# Bailey in the Garden =D



## EmzieAngel (Apr 22, 2009)

Usually when I post pics of Bailey, most of them are of him sleeping.
So thought I'd take some new photos today whilst he's awake


----------



## Nonnie (Apr 15, 2009)

He's very handsome.

Make sure he doesnt gain too much weight


----------



## FREE SPIRIT (Jul 8, 2009)

Gorgeous dog....lovely pics.


----------



## EmzieAngel (Apr 22, 2009)

Nonnie said:


> He's very handsome.
> 
> Make sure he doesnt gain too much weight


Thank you.
Lol, don't worry, we're keeping a good eye on his weight.

Our vet is happy with his weight at the moment 
x


----------



## EmzieAngel (Apr 22, 2009)

FREE SPIRIT said:


> Gorgeous dog....lovely pics.


Thank you.
x


----------



## Luvdogs (Aug 15, 2008)

Aww bless him, he is a very handsome fella  :001_wub:


----------



## EmzieAngel (Apr 22, 2009)

Luvdogs said:


> Aww bless him, he is a very handsome fella  :001_wub:


Thank you.
x


----------



## barneythore (Jul 11, 2009)

he is gorgeous


----------



## Spaniel mad (Jul 17, 2009)

He is stunning

sorry to change subject but how do you get the pics to be big and mine will only allow me to add 5 at a time


----------



## KarenHSmith (Apr 20, 2008)

He's a gorgoeus looking dog - how old is he??


----------



## EmzieAngel (Apr 22, 2009)

Thank you all! 

Spaniel mad, I upload my pictures to photobucket and copy and paste the IMG code.

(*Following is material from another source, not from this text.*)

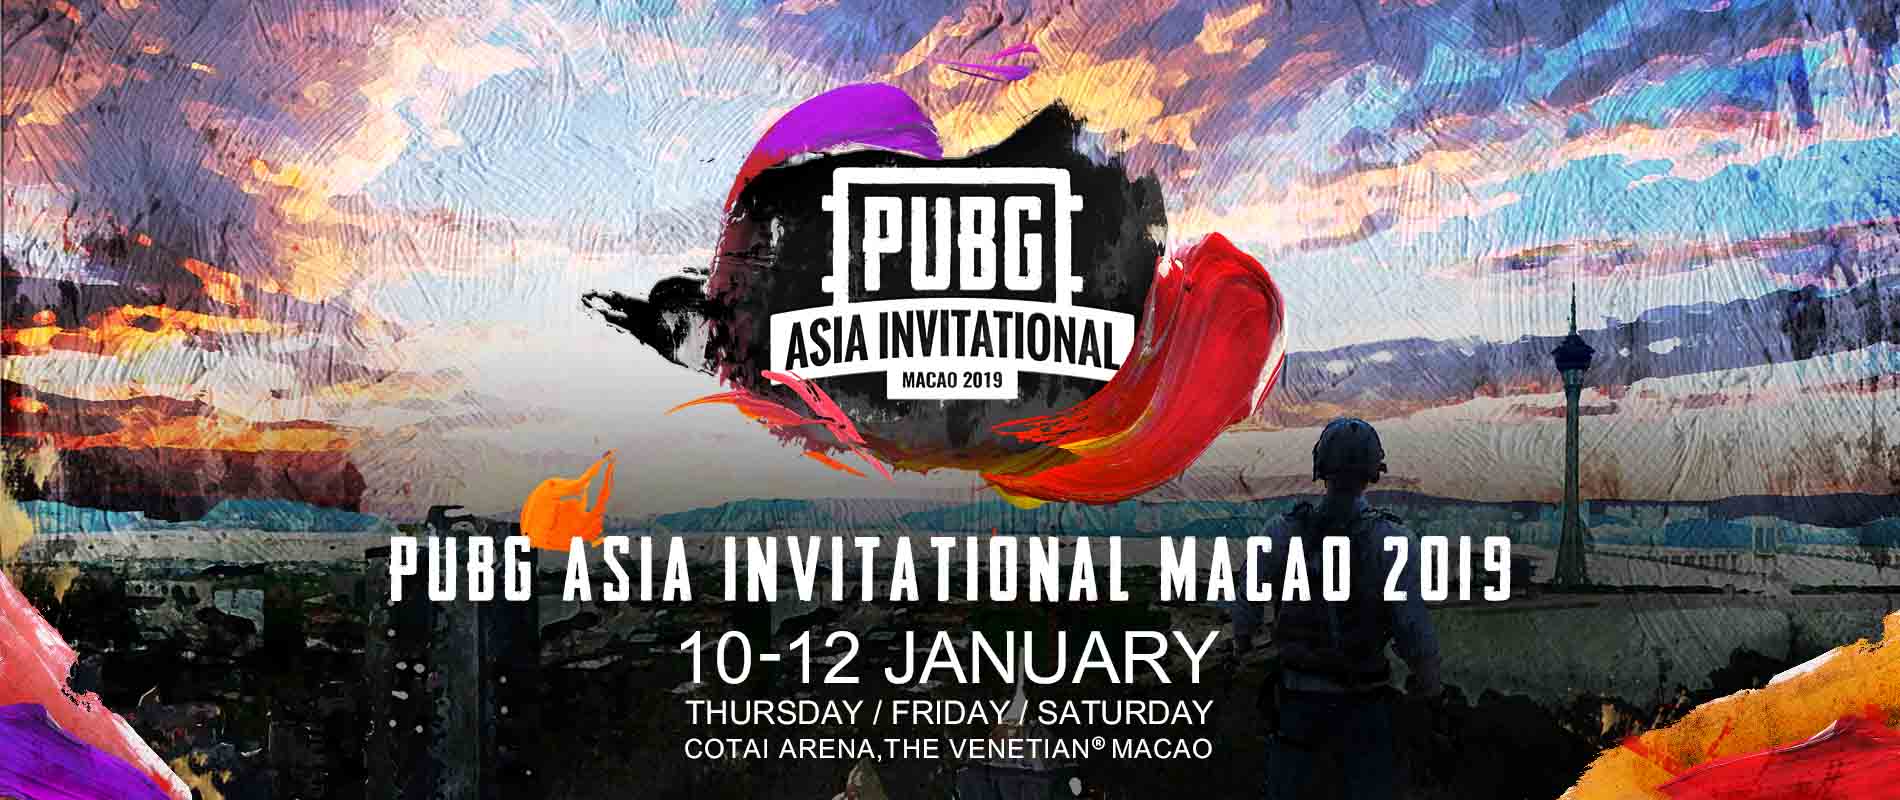 Pubg Asia Invitational Macao 2019 Macau Entertainment The Venetian Macao

Karen, Bailey is a year old 
x


----------



## Spaniel mad (Jul 17, 2009)

EmzieAngel said:


> Thank you all!
> 
> Spaniel mad, I upload my pictures to photobucket and copy and paste the IMG code.
> 
> ...


Thank you xxxxxx


----------



## Hb-mini (May 20, 2009)

Ahh he is so so sweet! xxx


----------



## SeaThreePeeO (Sep 15, 2008)

He looks like he's laughing in the last one. Brilliant photos!


----------



## EmzieAngel (Apr 22, 2009)

Thank you both! =]
x


----------



## sarahberra (Jun 26, 2009)

What a beautiful dog. Her coat is so creamy looking.  LOL


----------



## EmzieAngel (Apr 22, 2009)

Thank you, Bailey's a he lol.
x


----------



## barneythore (Jul 11, 2009)

sorry about that lol


----------



## EmzieAngel (Apr 22, 2009)

barneythore said:


> sorry about that lol


Sorry about what?
x


----------



## Fleur (Jul 19, 2008)

Some lovely pics - good to see him with his eyes open


----------



## EmzieAngel (Apr 22, 2009)

Fleur said:


> Some lovely pics - good to see him with his eyes open


Haha thank you.
He doesn't sleep all the time haha, it's just usually the only time he keeps still.
x


----------